As with the server hardware market, the Linux market is starting to consolidate. Red Hat is still the clear leader, but the "second three" (SuSE, Caldera, TurboLinux) have closed the gap slightly. Of course, the growth rates of the second three, although tremendous, are unsustainable (unless the Linux market matches those rates). We expect Red Hat to maintain a 40+ % share (using IDC's metrics) of the Linux market through 2001. Although Corel has increased its sales, we still have concerns about its long-term viability, due to its weakened financial position, and organizational turmoil (especially the resignation of CEO Mike Cowpland). We believe MandrakeSoft will still be a presence in Europe, and the July retail figures show it has started to makesignificant inroads in the US retail market.

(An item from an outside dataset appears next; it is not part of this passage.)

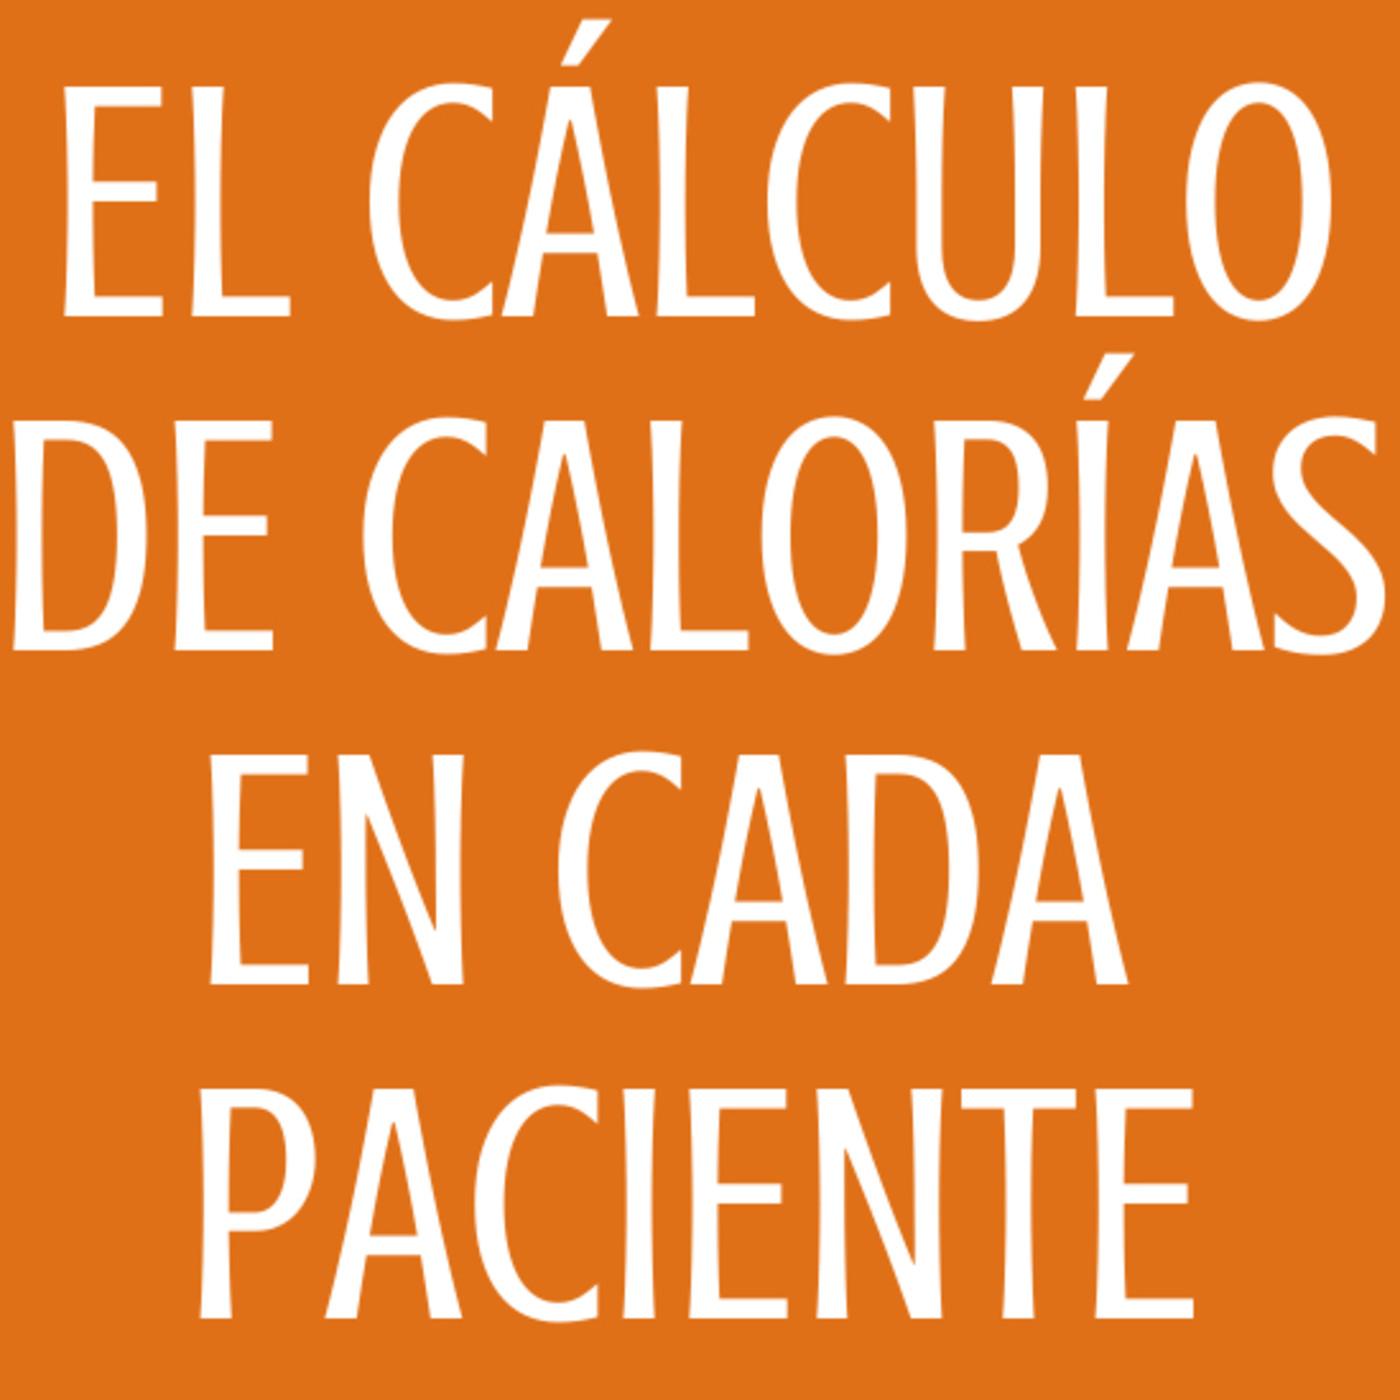 calorías necesito para bajar de peso

The "fly in the ointment" is that the market share figures are largely based on the server market. Linux still has only a single-digit market share in the desktop space. When/if Linux gains significant desktop market share (greater than 15%), we expect some shifting of share percentages, as the July 2000 retail sales figures indicate. Based on TEC's analysis (see Caldera eDesktop Edges Out Microsoft Windows 2000 in Functionality), we expect Caldera to challenge Red Hat for desktop market share, although its retail sales indicate otherwise.

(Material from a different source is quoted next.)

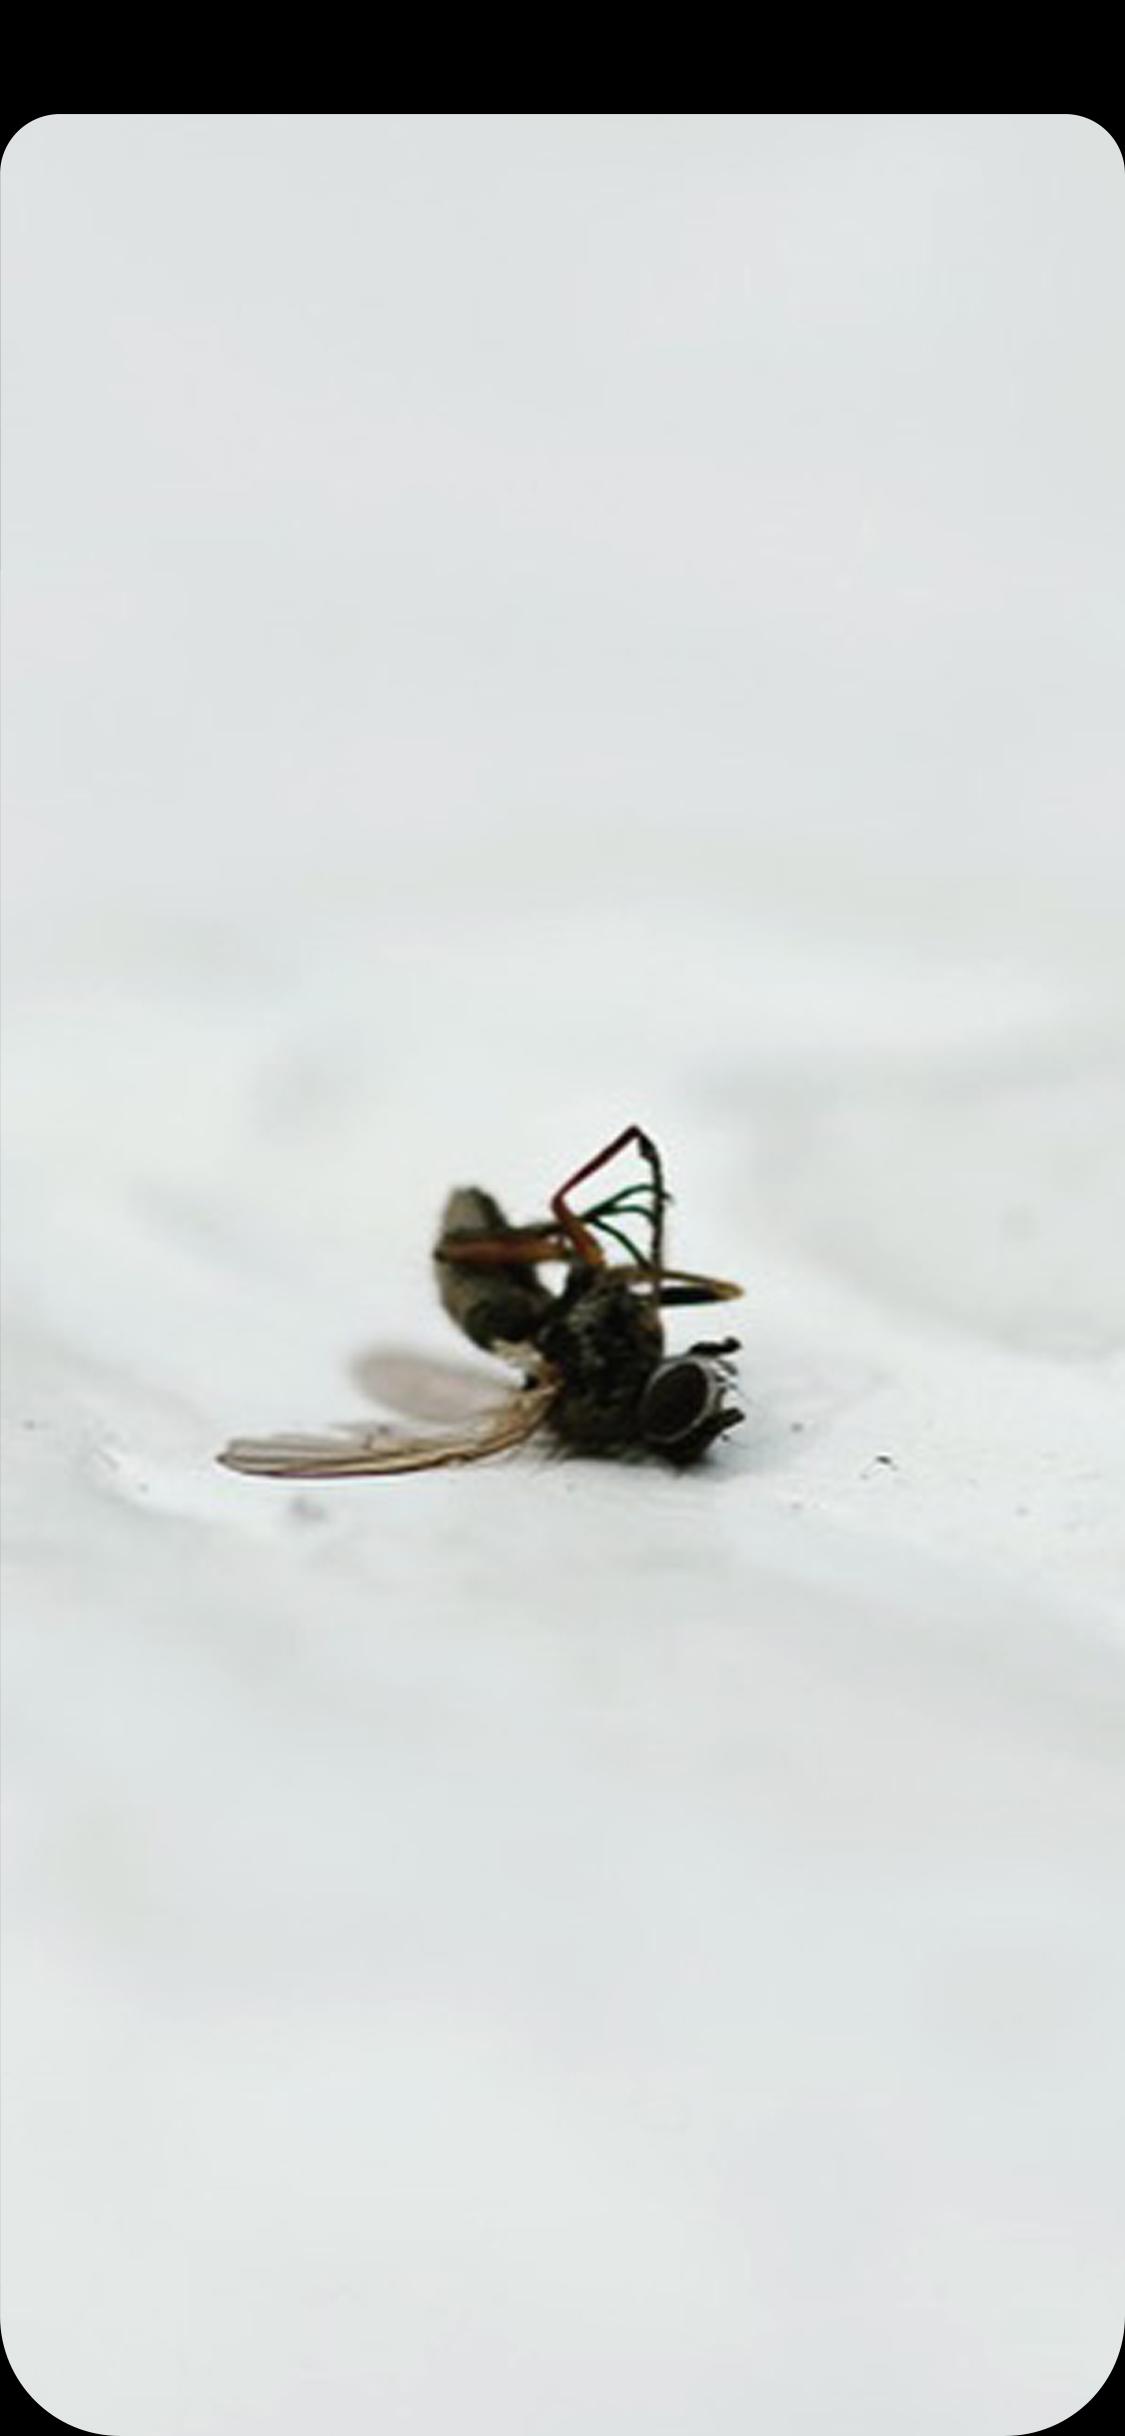 geirwerner-Deadfly.jpg

[Note: Because of the way IDC calculates units shipped - pre-installed unit sales are not counted presently- we believe the market share figure for Red Hat is actually higher, in the 60%-65% range.]

User Recommendations

The evident consolidation translates into caution for users wishing to make a move to Linux. Although market share is not a guarantor of success, we believe near-zero market share (in a maturing market) is a warning sign, especially if customers want long-term vendor support. For this reason, we recommend larger enterprises stick with one of the top four or five vendors - at least until other vendors grab significant market share. By default, this means potential customers might want to think twice about "betting the company" on Corel Linux. As mentioned earlier, this is primarily due to their financials; if they can turn the numbers around, this will change our recommendation.

As mentioned earlier, TEC's WebTESS software indicates that Caldera's eDesktop functionality may make it a better choice for a desktop OS than Red Hat Linux 6.2, although we believe Red Hat has the edge in service/support. (This does not imply that SuSE or TurboLinux are inferior - merely that they were not rated in the mentioned report.)